→ WHAT IS EXPECTED:
All lines below must be repeated exactly, with the pictures omitted.

=== DATASET CONTENT ===

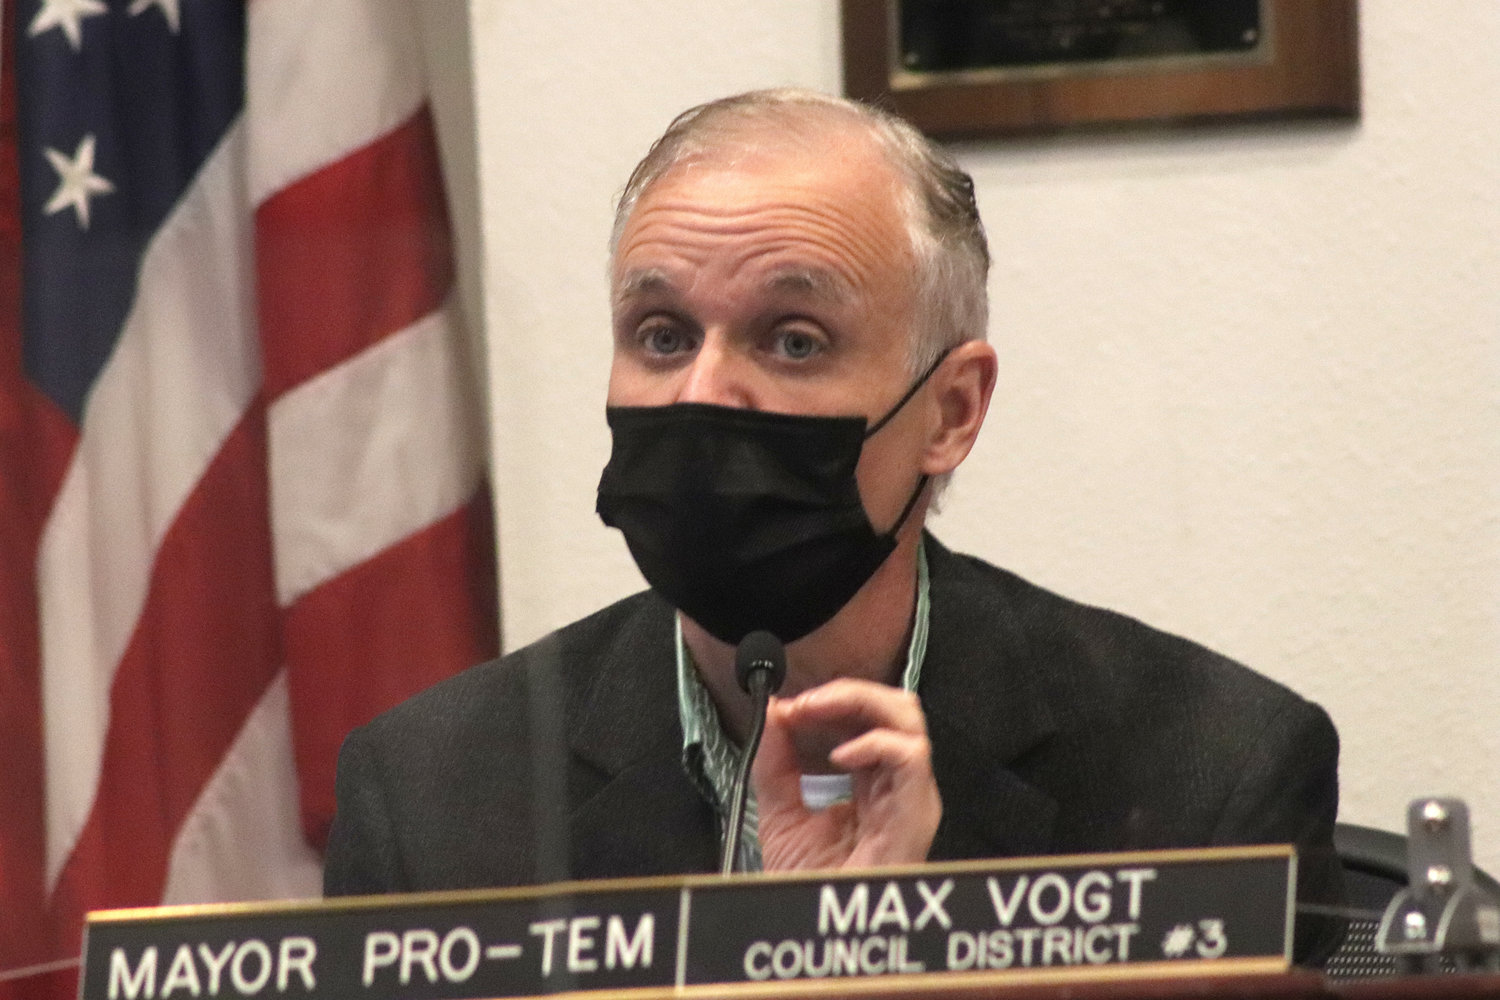 Councilor Max Vogt
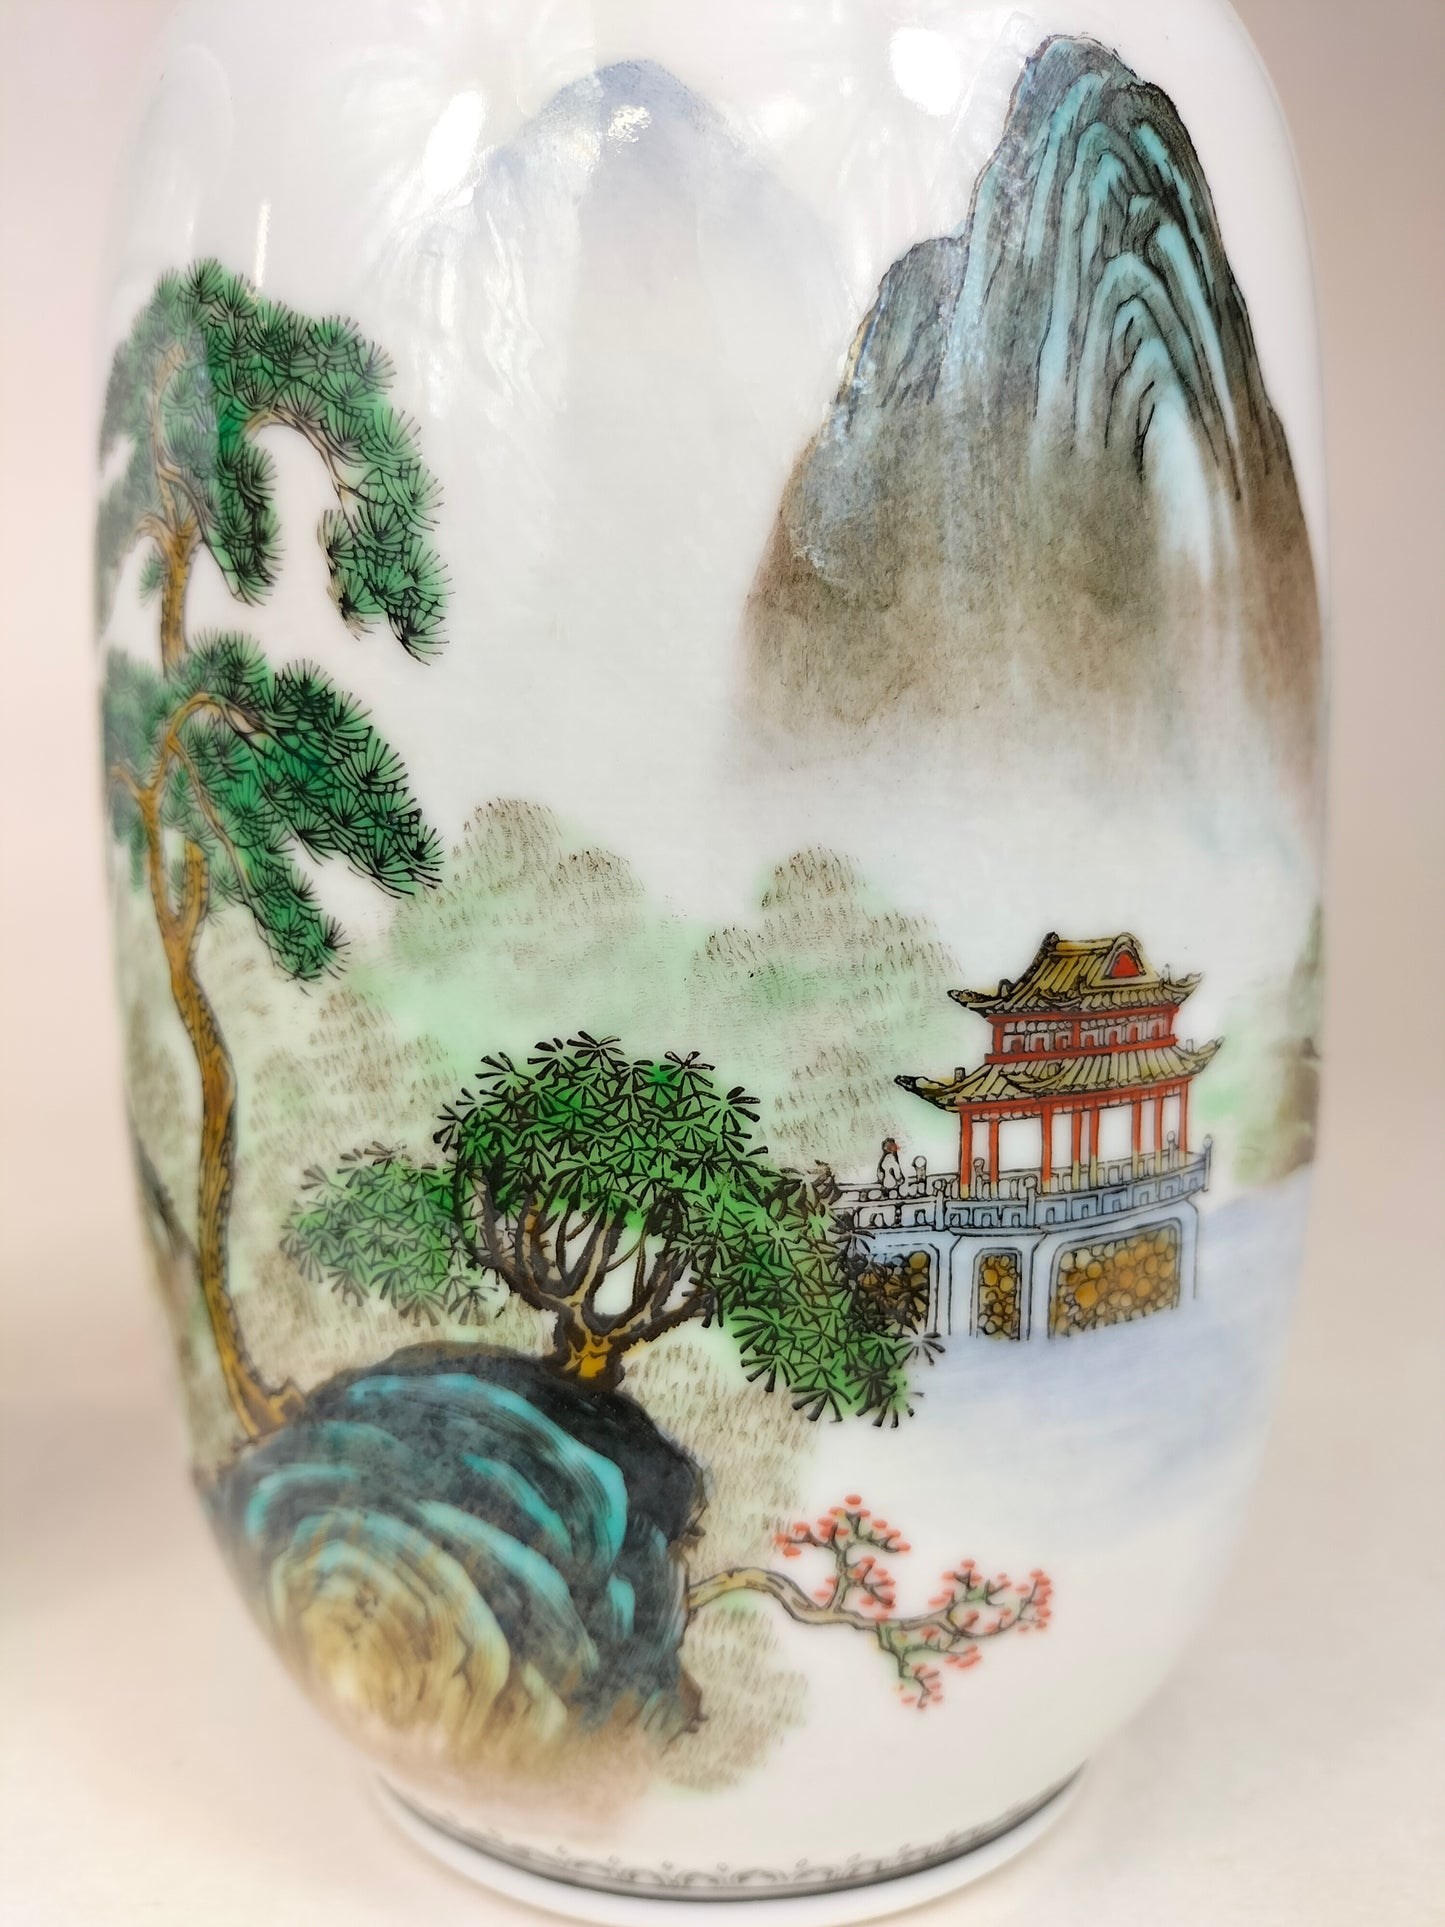 Par de vasos chineses decorados com paisagem // Jingdezhen - século XX
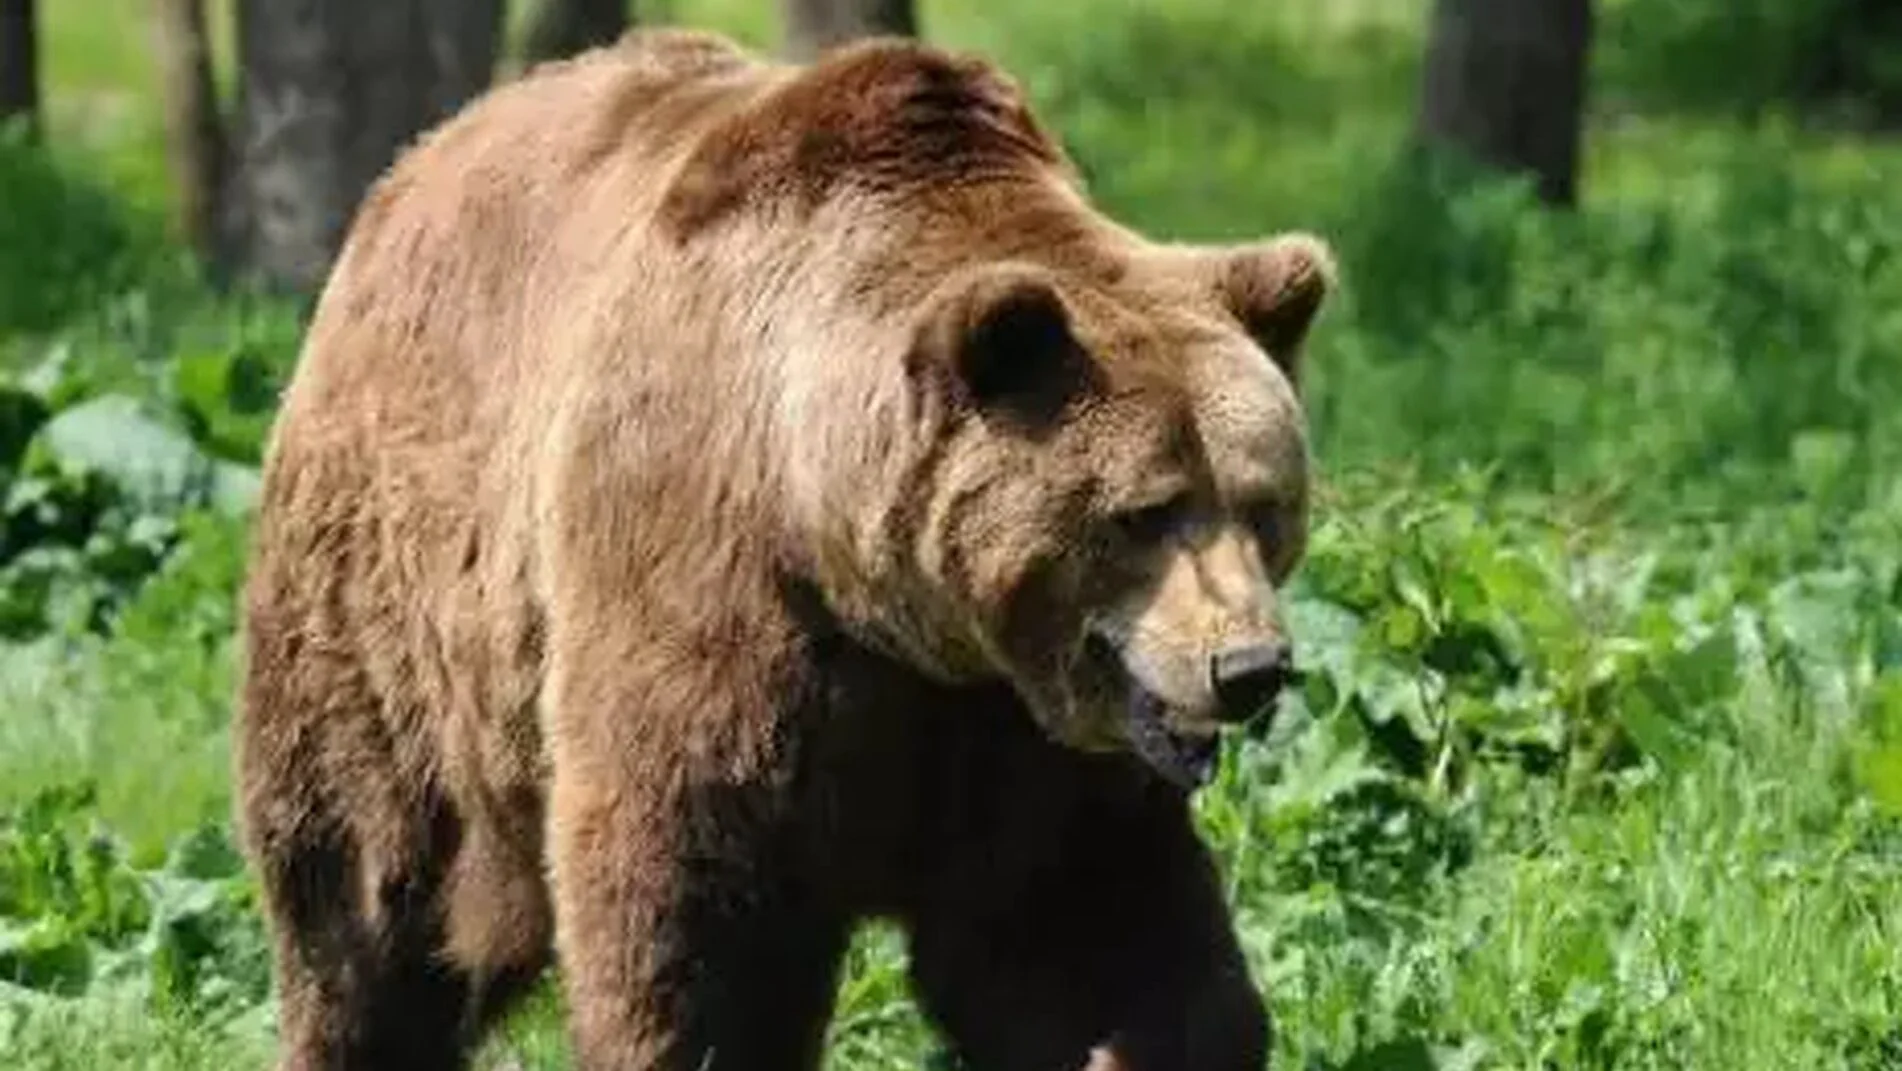 Turista muşcată de urs, la Vidraru: „M-am gândit că vrea să fim prieteni”

===

→ WRITTEN RESPONSE:
 Councilor Max Vogt
 Par de vasos chineses decorados com paisagem // Jingdezhen - século XX
 Turista muşcată de urs, la Vidraru: „M-am gândit că vrea să fim prieteni”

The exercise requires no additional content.